In the java code we can quickly see that images folder assets
are loaded and are displayed.
If we click on an image, the code launch ImageViewActivity
to display the image fullscreen.
However in MainActivity
we can see a strange code calling a native-lib :
static {
System.loadLibrary("native-lib");
}
...
public native void loadImages(AssetManager assetManager);
protected void onCreate(Bundle bundle) {
...
AssetManager assets = getAssets();
loadImages(assets);
}
So the function loadImages()
is called from a native lib : libnative-lib.so
.
Native lib analysis
So now that we have a native lib, we open it in Ghidra to know what it is doing.

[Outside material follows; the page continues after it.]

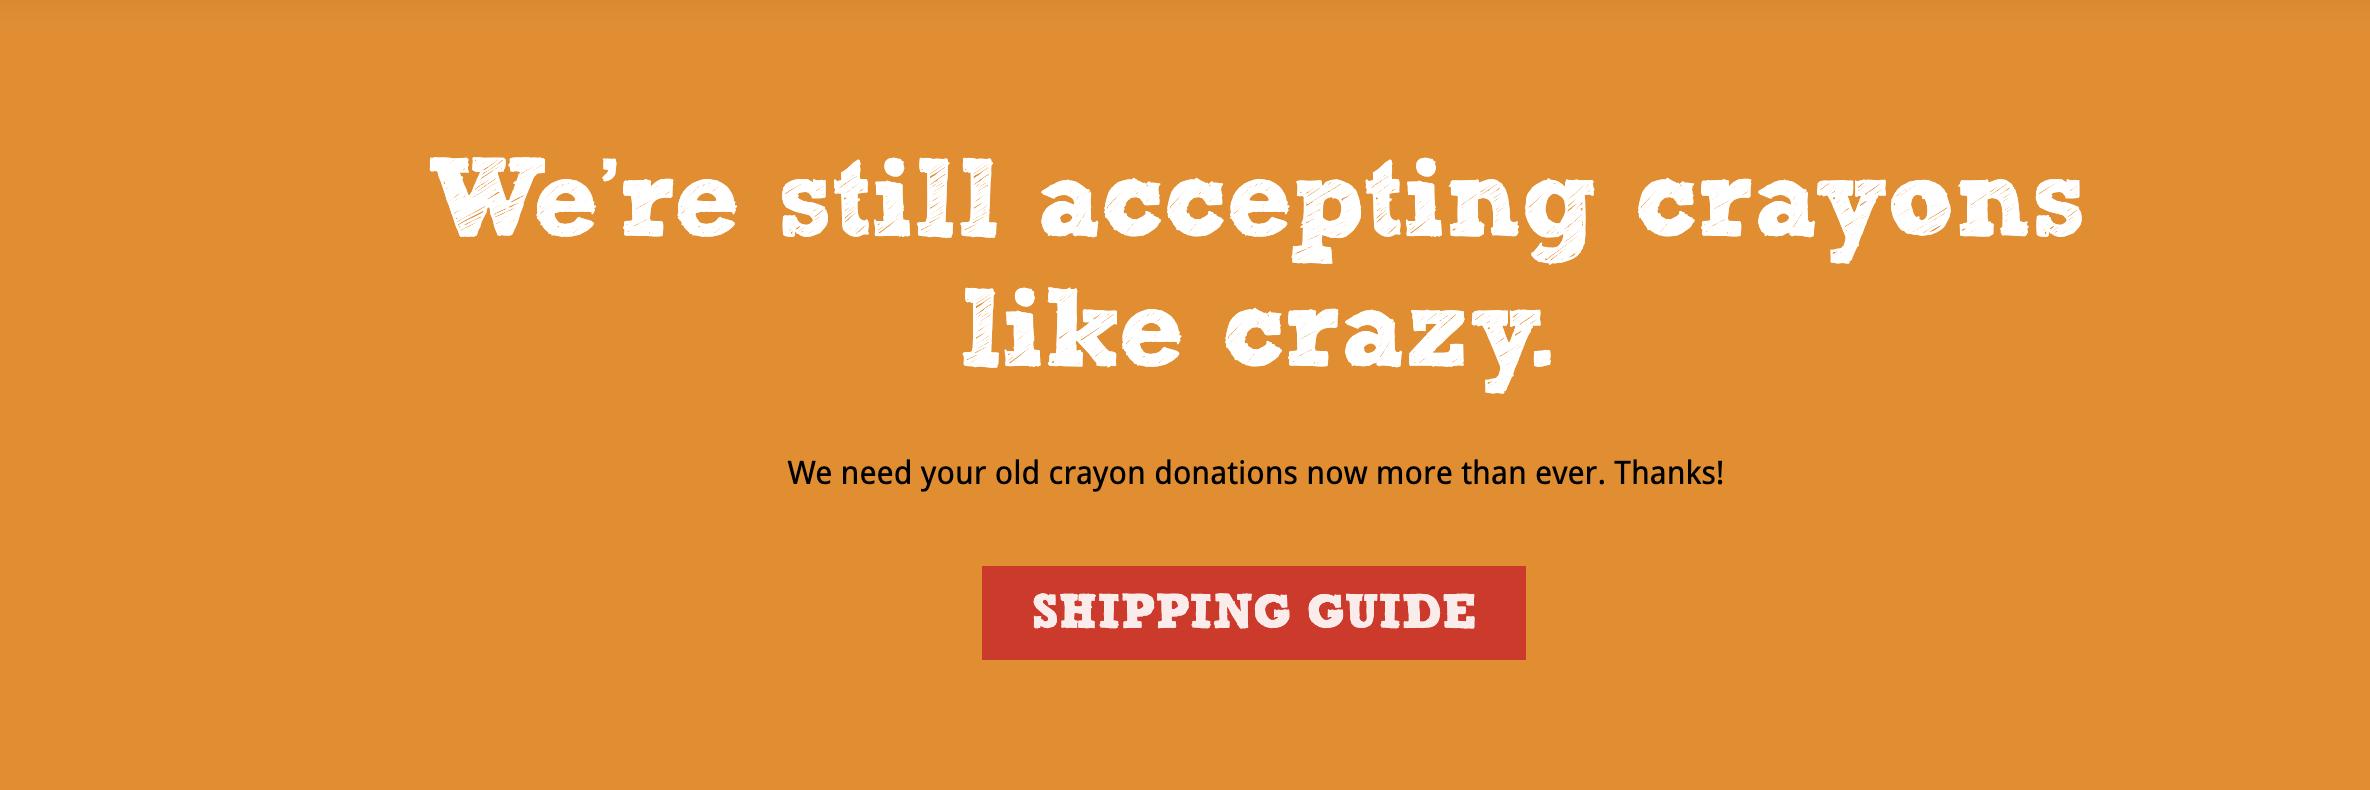 Give Crayons orange background

Many functions startswith png_
, after checking on internet, we see that these function are from libpng
and it is doing image manipulation.
Then, we need to analyse the function Java_reverse_areizen_mygallery_MainActivity_loadImages
( in Java native libs follow the scheme 'Java_'+class_name_with_package+'_'+method_name
). By following the JNI specifications : JNI Specs we can redefine the prototype of the function :
Then we propagate all the variable by doing Right Click -> Commit locals
, it permit use to have a code that is cleaner.
We have now a bloc of code that seems readable.
Many functions belonging to the JNIEnv
struct are called, we have two way to solve it by statically analysing what it does or by a dynamic approach.
I my case, I choose the second solution.
To create my hooks I referred to the android definition of struct JNIEnv
: https://android.googlesource.com/platform/libnativehelper/+/master/include_jni/jni.h
An other point to consider to attach these function, is that we need to wait until this librarie is loaded before hooking it. In android source code we can see that it call android_dlopen_ext
to open native libs. So e wait until it load the good library and then we set our hooks. ( source ) [https://android.googlesource.com/platform/system/core/+/master/libnativeloader/native_loader.cpp#746]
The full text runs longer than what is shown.